Tough job. I applaud you for giving up really the most fun and rewarding part of the job, you know? Very selfless. Yeah, so, of course, this is not completely a reality yet. I mean, we don't have quite yet the team of agents just kind of, you know, humming along, doing the job while we sit back and fix environments for them.

But you can kind of see it coming, right? I mean, some of you are definitely doing that, hacking that together.

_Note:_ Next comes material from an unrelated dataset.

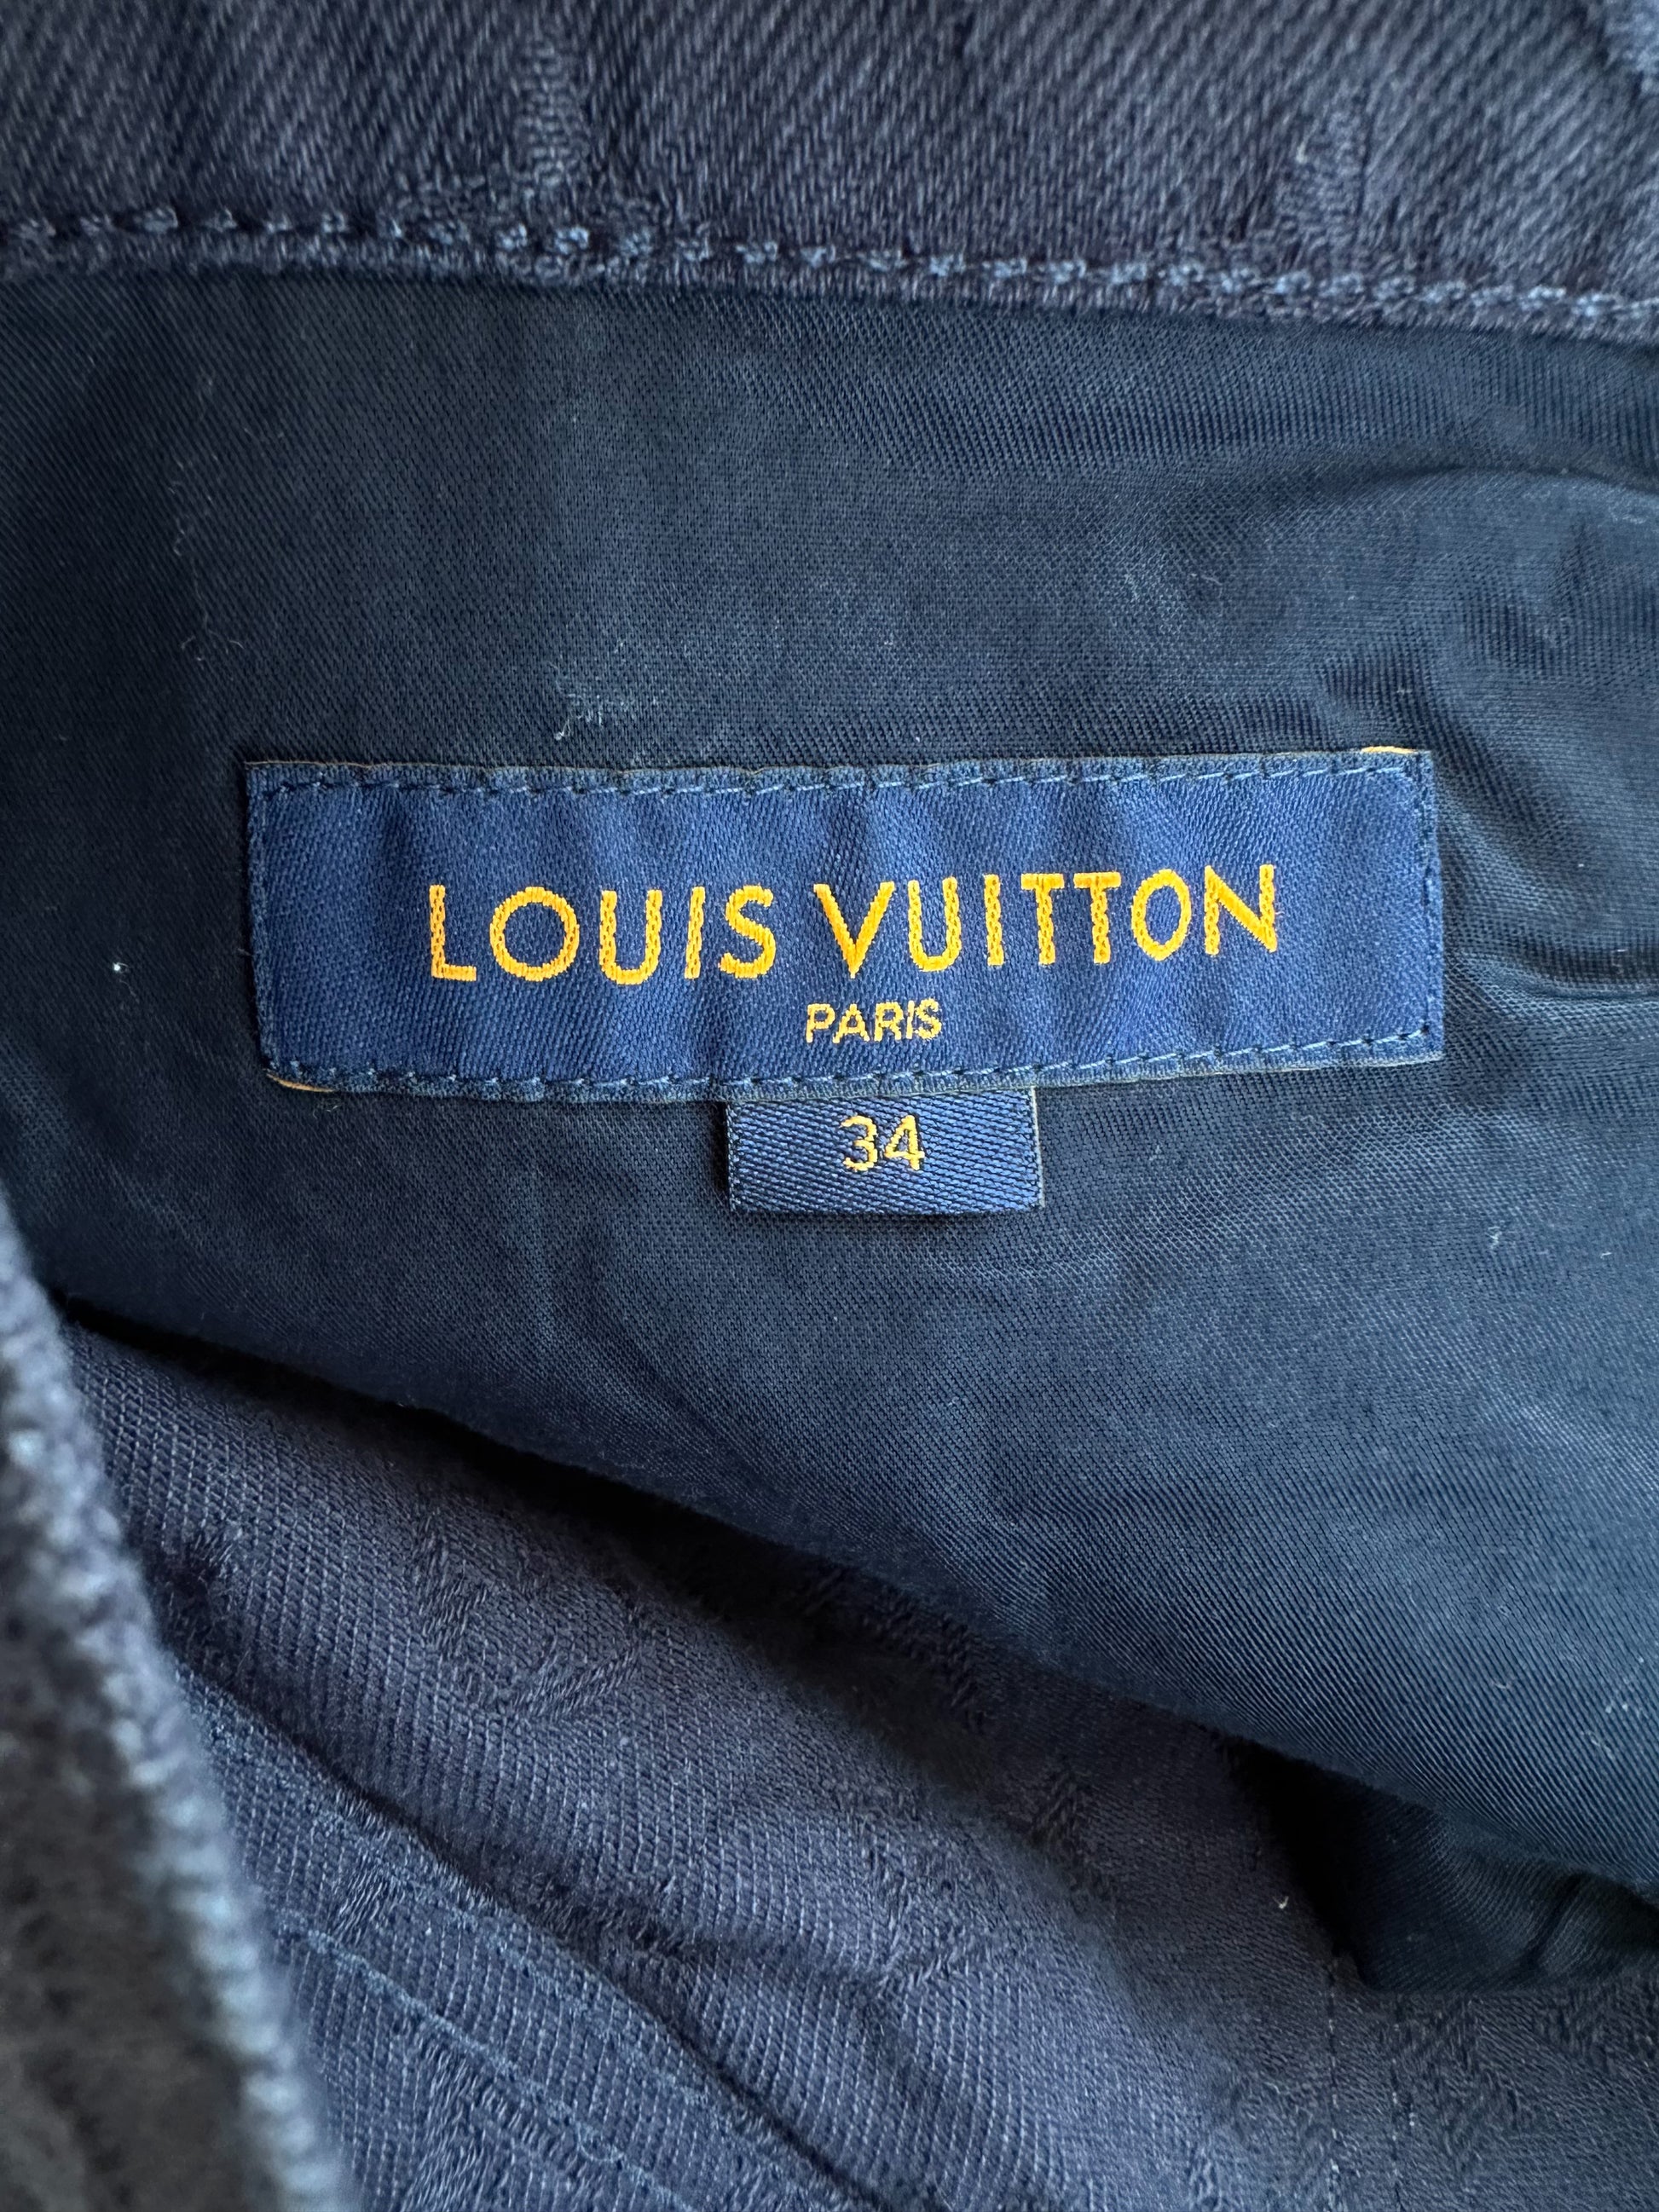 Louis Vuitton, Jeans, Louis Vuitton Mens Jeans 34 Waist

There's a lot of cool posts out there and scripts and tools. So we know it's coming. The question is, how do we enable this to happen, not just for this incredibly cool and bleeding-edge crowd, but for everyone else?

Like, everyone shipping software everywhere just sort of creating maximum value by enabling agents to do the work for them, ultimately taking their jobs. That is the dream, right? Okay. So, yeah. How do we do that and make it not too painful? Well, I want to go back to basics.

What is an agent? The famous definition, of course, is it's an LLM that's wrecking everything in a loop on behalf of a human. The diagram is from Anthropic. Thank you, Anthropic. I tweaked the explanation just a little bit. In the context of coding agents, it looks like this. Oh, man, that was supposed to be animated.

It's even better when it's animated. It's okay. Yeah, you've got one agent, and it's doing stuff in the environment is your computer. And it can do great work. It can also do very crazy things. So you have to kind of watch it closely, right, and approve, approve. No, no, don't do that.

That's crazy. Yes, that's good. That's kind of the status quo today. But, of course, we want to scale it, right? We want a team. So how do we do that? Well, right now, I would say there are two options, both equally wonderful and fun. The first one I call YOLO mode, you know, I'll just run 10.

What can happen? Amazingly, this diagram is not the worst case scenario, but, yeah, you know, you get the idea. So the whole methodology of watching it closely just kind of falls apart really quickly because they're all stepping on each other's toes. They're sharing an environment, right? Okay. Enter option two.

Oh, don't worry about that. We'll run the agents. Right? We'll take care of everything. We've got the background mode. We've got the model. We've got the tools. We've got the environment. We've got the compute. We've got the secrets. We've got everything. You know, just open an issue, wait for the PR, relax, until, of course, it doesn't work, and then you're like, no, that's not what I meant.

These actually work really well. I think, like, 10 of those launched just today and yesterday. And they're great. It's just that, you know, sometimes you just want to get in there. Like, okay, give me the keyboard. You know? And sometimes you just want to run it on your machine or on your favorite compute provider.

Right? Use your favorite model. You want to mix and match. There are limitations to this all-in-one model. So the question is, is there something better? Is there just a scenario where I just got a team and they're working and, you know, I can step in or leave them alone and we're just kind of getting stuff done together?

So this is how I would summarize it, what I would want. There's really four things. First, I want background work. You know, I don't want to be in there just watching every action. That's obvious. I want Rails. And that means I want to be able to constrain the agent to not just do things that I already know are not necessary.

So obvious things like context of the project. What's, you know, what's our coding style? What tools to use? But also, here's how to build. Here's how to test. Here's the base image we use, right? You can access this secret. You can access that. So there's an easy way to do that.

Because otherwise, I'm going to waste so many tokens just correcting as I go, right? The third is, inevitably, when I do need to step in, I want a really efficient and seamless way to do that. And it can't be watch every action and it can't be just wait for the PR and do co-review.

You know, I need a middle ground here. And the fourth thing is I want optionality because, like I was saying before, it's a crazy market. You know, there's awesome models, awesome compute, awesome infrastructure. Agents are really cool. And as cool as they are now, I mean, one of you is probably, like, launching one right now.

And then there's another one tomorrow. So I don't really want to lock myself into a whole package today and say no in advance to whatever's coming out tomorrow, right? Not in this market. So to get that, I need an environment that has properties that match this. It needs to be isolated, right?

So background work works. It needs to be customizable so I can set up those rails. It needs to be multiplayer so I can, you know, go, all right, give me that. Let me fix this. Or let me check. Did you do it? You know, when the model says, I did it.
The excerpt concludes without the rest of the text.